I tried to run a couple of scrapyd services to have a simple cluster on my localhost, but only the first node works. For 2 others I get the following error
scrapydweb_1 | [2020-11-17 07:17:32,738] ERROR in scrapydweb.utils.check_app_config: HTTPConnectionPool(host='scrapyd_node_3', port=6802): Max retries exceeded with url: / (Caused by NewConnectionError('<urllib3.connection.HTTPConnection object at 0x7fb060b8ef50>: Failed to establish a new connection: [Errno 111] Connection refused'))
scrapydweb_1 | [2020-11-17 07:17:32,738] ERROR in scrapydweb.utils.check_app_config: HTTPConnectionPool(host='scrapyd_node_2', port=6801): Max retries exceeded with url: / (Caused by NewConnectionError('<urllib3.connection.HTTPConnection object at 0x7fb060a1e650>: Failed to establish a new connection: [Errno 111] Connection refused'))

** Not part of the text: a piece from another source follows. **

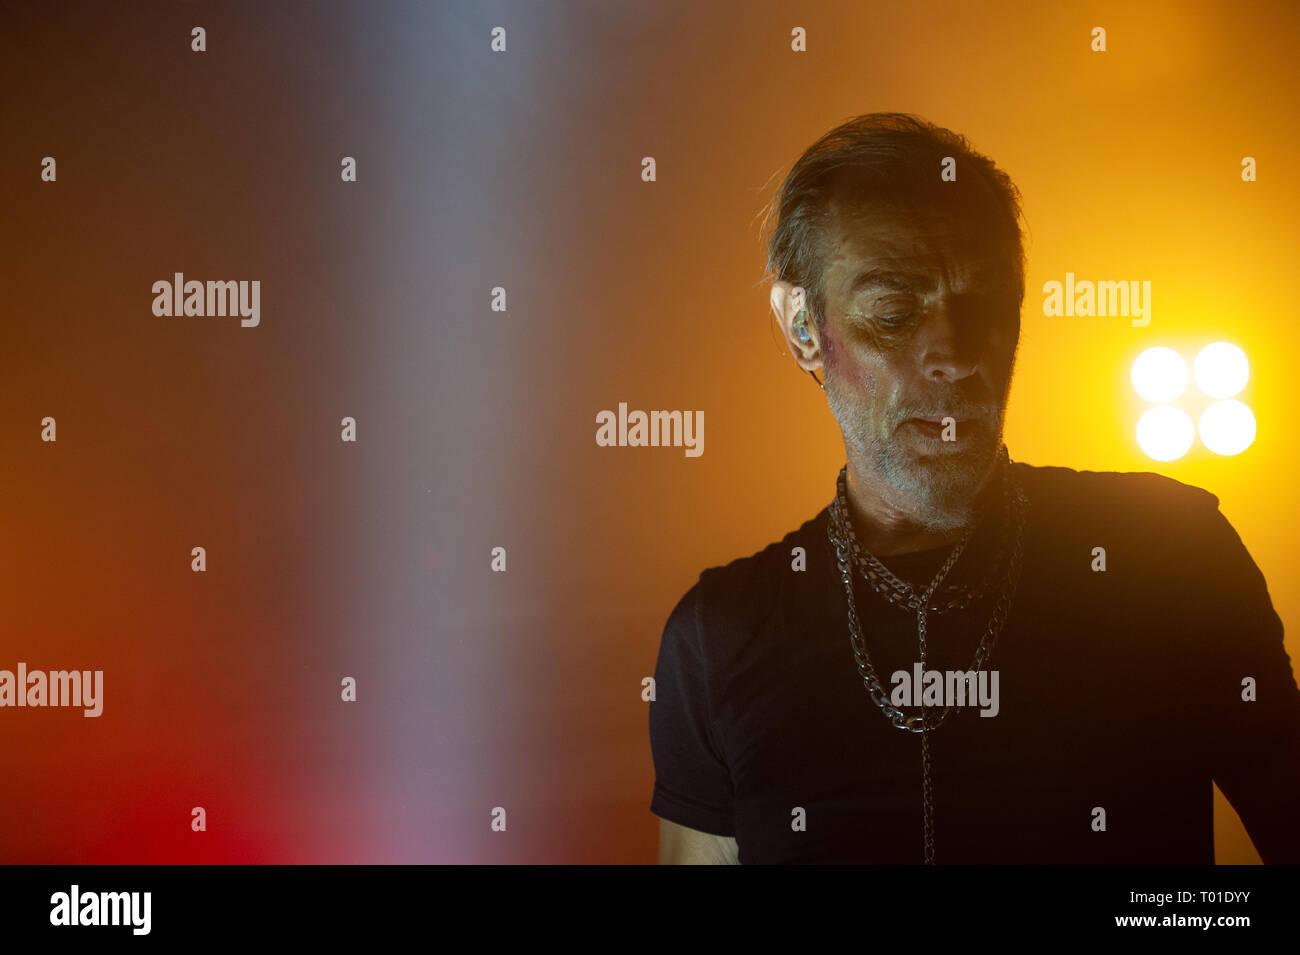 Peter Murphy, Sänger und Chef der englischen 80's Dark Rock Band Bauhaus. im Konzert an Orion-Club, Ciampino, Rom, Italien, 21-11-2018 Stockbild

I have the following docker-compose.yml
file:
version: '3'
services:
scrapyd_node_1:
build:
context: .
dockerfile: ./crawlers/scrapyd/Dockerfile
ports:
- "6800:6800"
volumes:
- ./data:/var/lib/scrapyd
- ./data/results:/app/results
restart: unless-stopped
scrapyd_node_2:
build:
context: .
dockerfile: ./crawlers/scrapyd/Dockerfile
ports:
- "6801:6800"
volumes:
- ./data:/var/lib/scrapyd
- ./data/results:/app/results
restart: unless-stopped
scrapyd_node_3:
build:
context: .
dockerfile: ./crawlers/scrapyd/Dockerfile
ports:
- "6802:6800"
volumes:
- ./data:/var/lib/scrapyd
- ./data/results:/app/results
restart: unless-stopped
scrapydweb:
build:
context: .
dockerfile: ./crawlers/scrapydweb/Dockerfile
environment:
USERNAME: "test"
PASSWORD: "test"
SCRAPYD_SERVERS: "scrapyd_node_1:6800,scrapyd_node_2:6801,scrapyd_node_3:6802"
links:
- scrapyd_node_1
- scrapyd_node_2
- scrapyd_node_3
ports:
- "5000:5000"
depends_on:
- scrapyd_node_1
- scrapyd_node_2
- scrapyd_node_3
restart: unless-stopped
What is wrong with my docker-compose file?
The problem is in line:
SCRAPYD_SERVERS: "scrapyd_node_1:6800,scrapyd_node_2:6801,scrapyd_node_3:6802"
Try changing it to:
SCRAPYD_SERVERS: "scrapyd_node_1:6800,scrapyd_node_2:6800,scrapyd_node_3:6800"
Explanation:
When you defined you docker service scrapyd_node_2
for instance, you defined ports to be:
ports:
- "6801:6800"
It means, that port 6800
from contanier is mapped to port 6801
on your host machine. Hence, when you want to declare node with hostname scrapyd_node_2
, you should use it's port = scrapyd_node_2:6800
.